Roger, can you explain how to fairly "try" someone in secret? It seems a truly fair trial needs to be held in open, or maybe I'm missing something. Thanks.
 
You won what war now? I am pretty sure Russian s won fair and square and we just waited it out to calculate who would win to join at the very end and emerge as "victors" . Sorry to break your bubble buddy but its a very pussy move on our part and especially the demonstration of power by nuking two japanese cities.
 
While I agree that Homeland is a terrible show, I cannot help but ask how the author of this article feels about drone strikes now that more and more media reports show that civilian casualties resulting from drone strikes are actually rather high(or "collateral damage," if we want to adopt a useless phrase coined to avoid any association with the deaths of innocent people). The author's statement that the US owns up to its actions as far as drone strikes are concerned is way off base, as the US until recently refused to discuss the drone strike programs because they were only being done covertly. The US does not disclose civilian casualties caused by drone strikes, as evidenced by admissions from Obama administration officials that all military age males in strike zones are considered to be militants and therefore cannot be counted as civilian casualties. Estimates from The Bureau of Investigative Journalism and other sources now indicate that several hundred civilians have died as a result of drone strikes in Yemen and Pakistan, out of a total of a couple thousand deaths. While these estimates indicate that the majority of deaths are most likely militants, civilian casualty rates are still much higher than the US has ever admitted to and are higher than just about anybody estimated a year ago. So, while Homeland may have done a terrible job of depicting the drone programs, how they operate, and their consequences, I am still interested in how the author of this article feels about drone strikes in light of the new disclosures made regarding the strikes. Most importantly, while war necessitates a "win at all cost" mentality, how can this mentality be reconciled with the fact that we are performing drone strikes in countries that we have never been at war with, increasingly against groups that only have very loose affiliations to Al-Qaeda and which probably do not pose a real risk to the US (many of these groups are small, disorganized, and engaged in hostilities with local governments, making it very difficult to see how they pose an immediate threat to the US).
 
I just can't believe how you people can argue that waterboarding is not torture.
How could you argue that with a straight face?
It baffles me.

Seriously, guys?

Seriously?

There is no "right" way to torture someone. Torture is torture, it's a means to an end, any physical (or mental) discomfort used to coerce someone into giving you something is a form of torture.

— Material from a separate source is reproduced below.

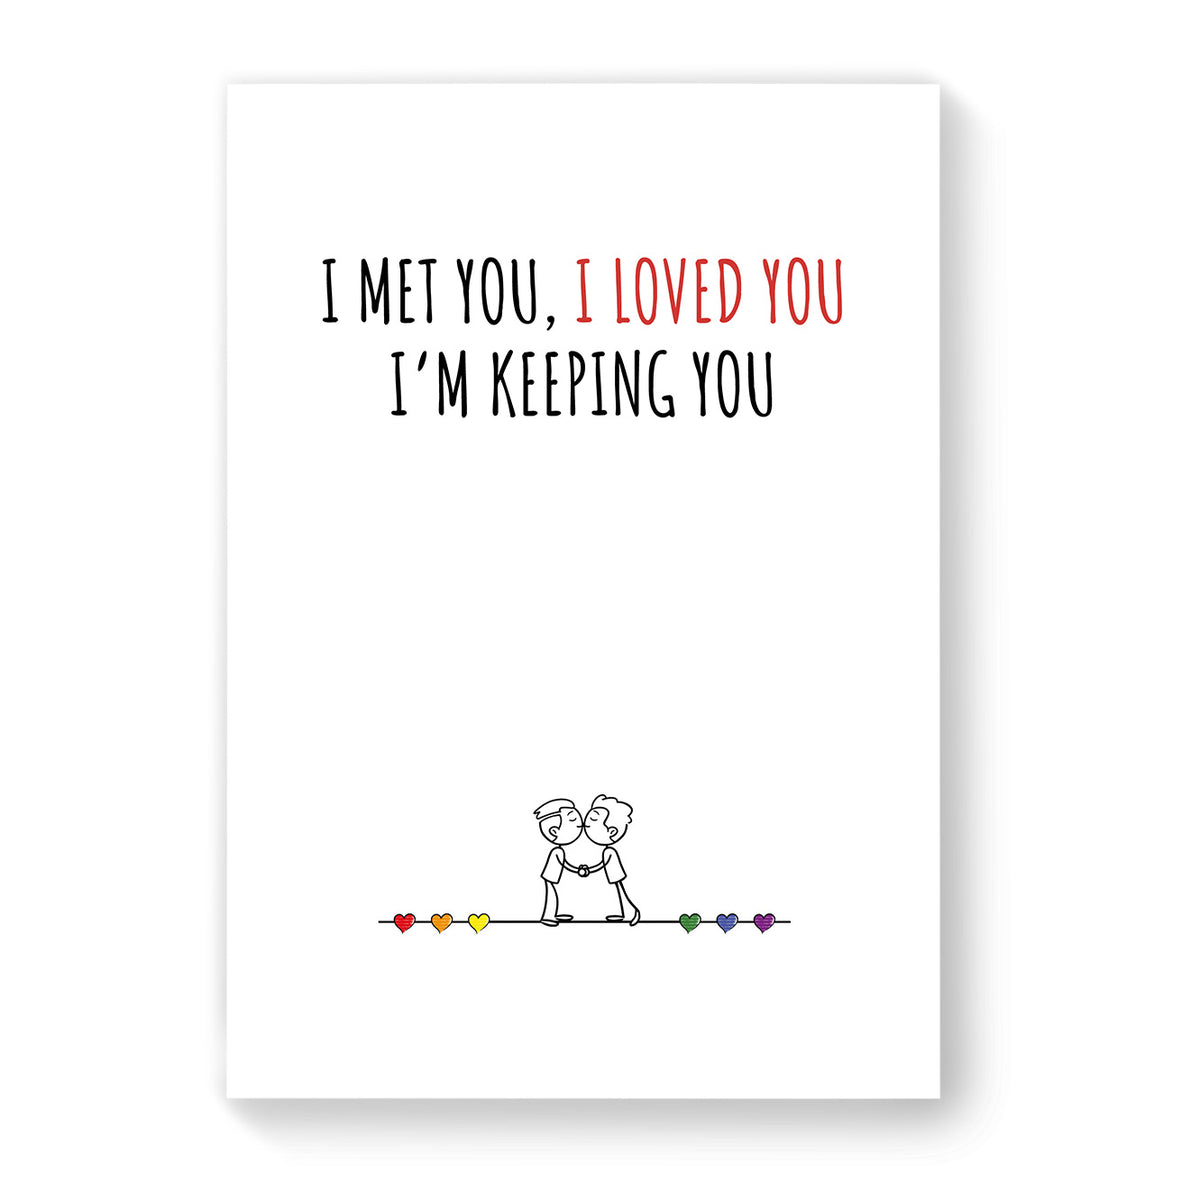 I met you, I loved you - Gay Couple Card - White Minimalist | Gift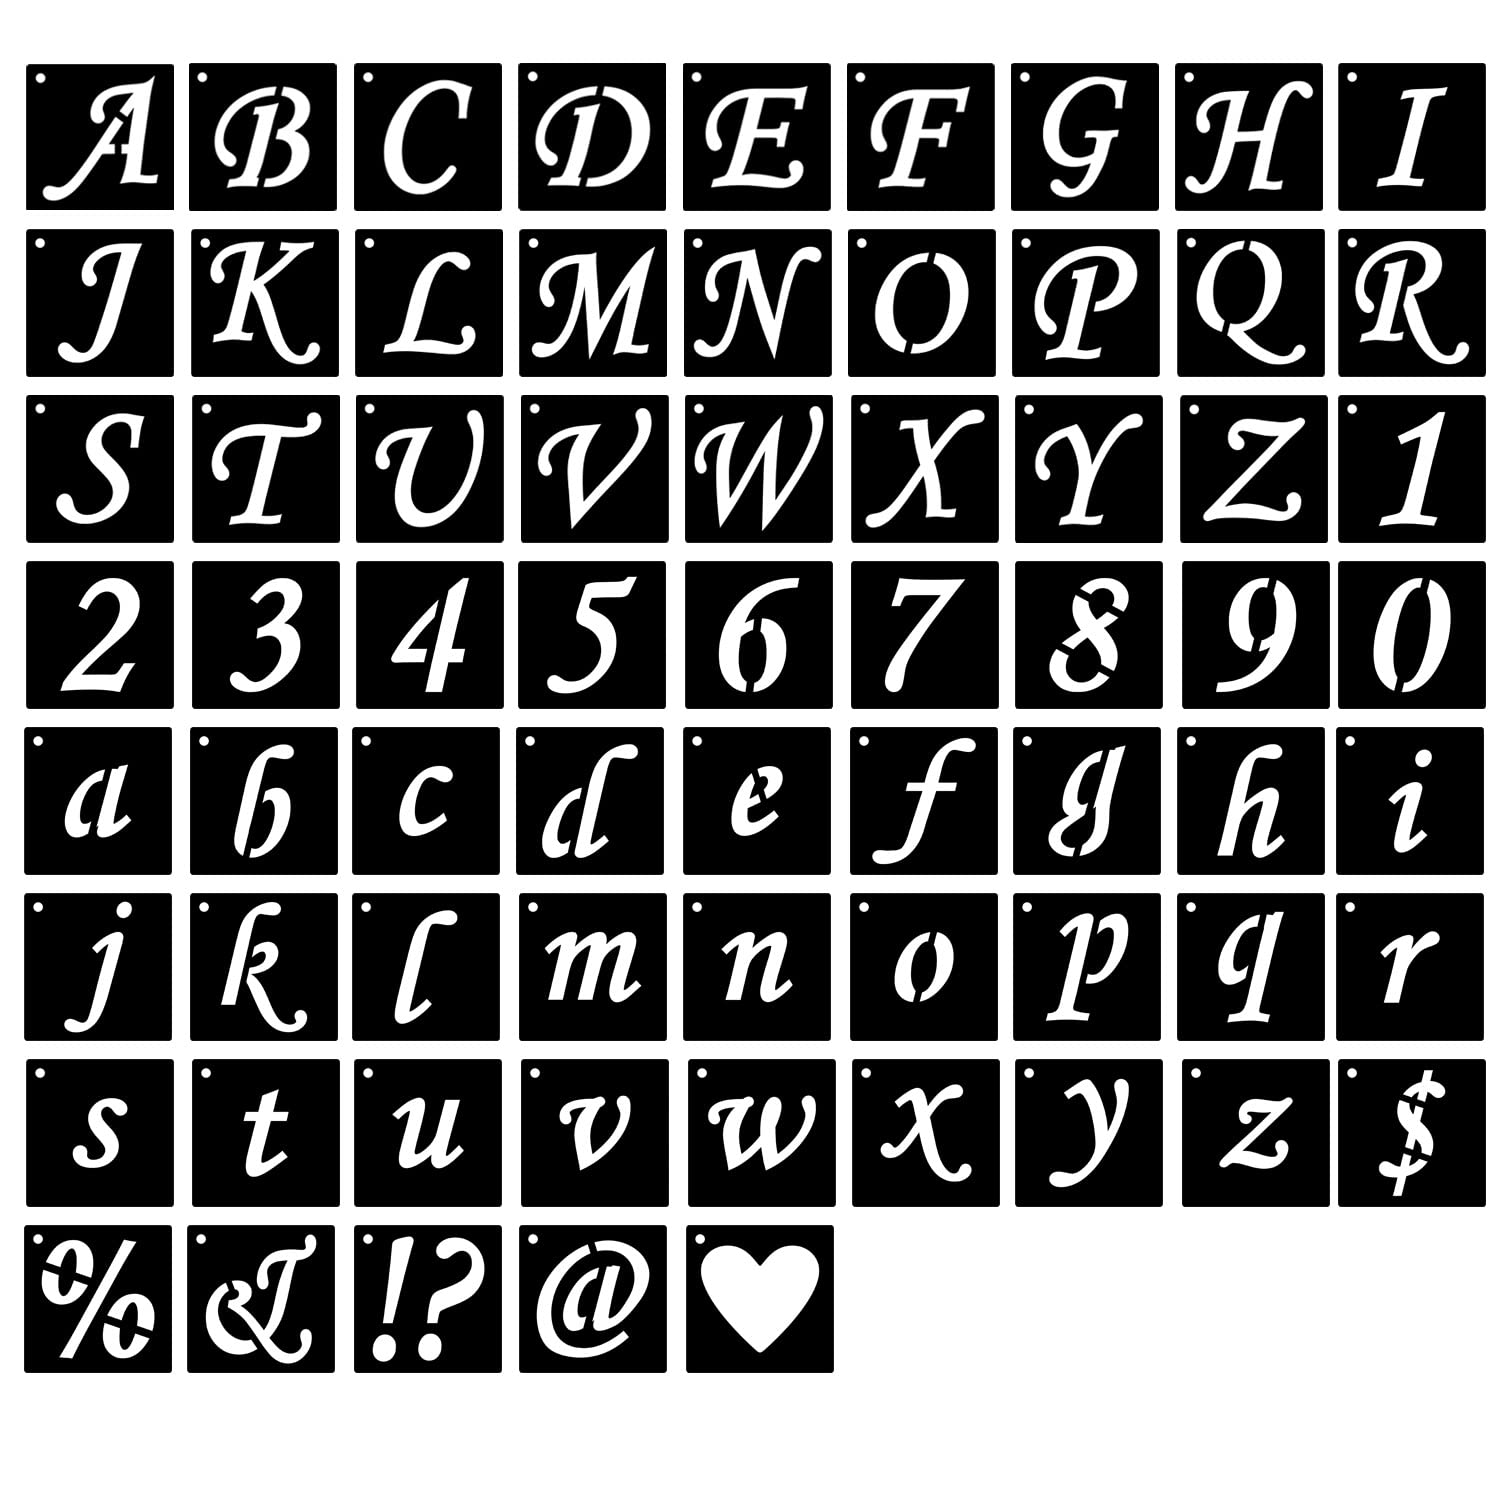 Eage Alphabet Letter Stencils 2 Inch, 68 Pcs Reusable Plastic Letter Number Symbol Stencil Kit For Painting On Wood, Wall, Fabri

What, you think that waterboarding is something you can just reason through? Maybe to be compared to a slight unpleasantry, like, say, getting pinched?
If it were, do you think they would do it?
Or maybe you people somehow believe waterboarding is something to be enjoyed?

While I do agree that waterboarding may perhaps be one of the more 'mild' forms of torture, let me tell you, there's nothing mild about choking on water that's been getting in your lungs, and gasping for air, but instead, getting more water.


I swear, some people, these days....

There's something in the water....

Just kidding, you don't really know what water is, do you?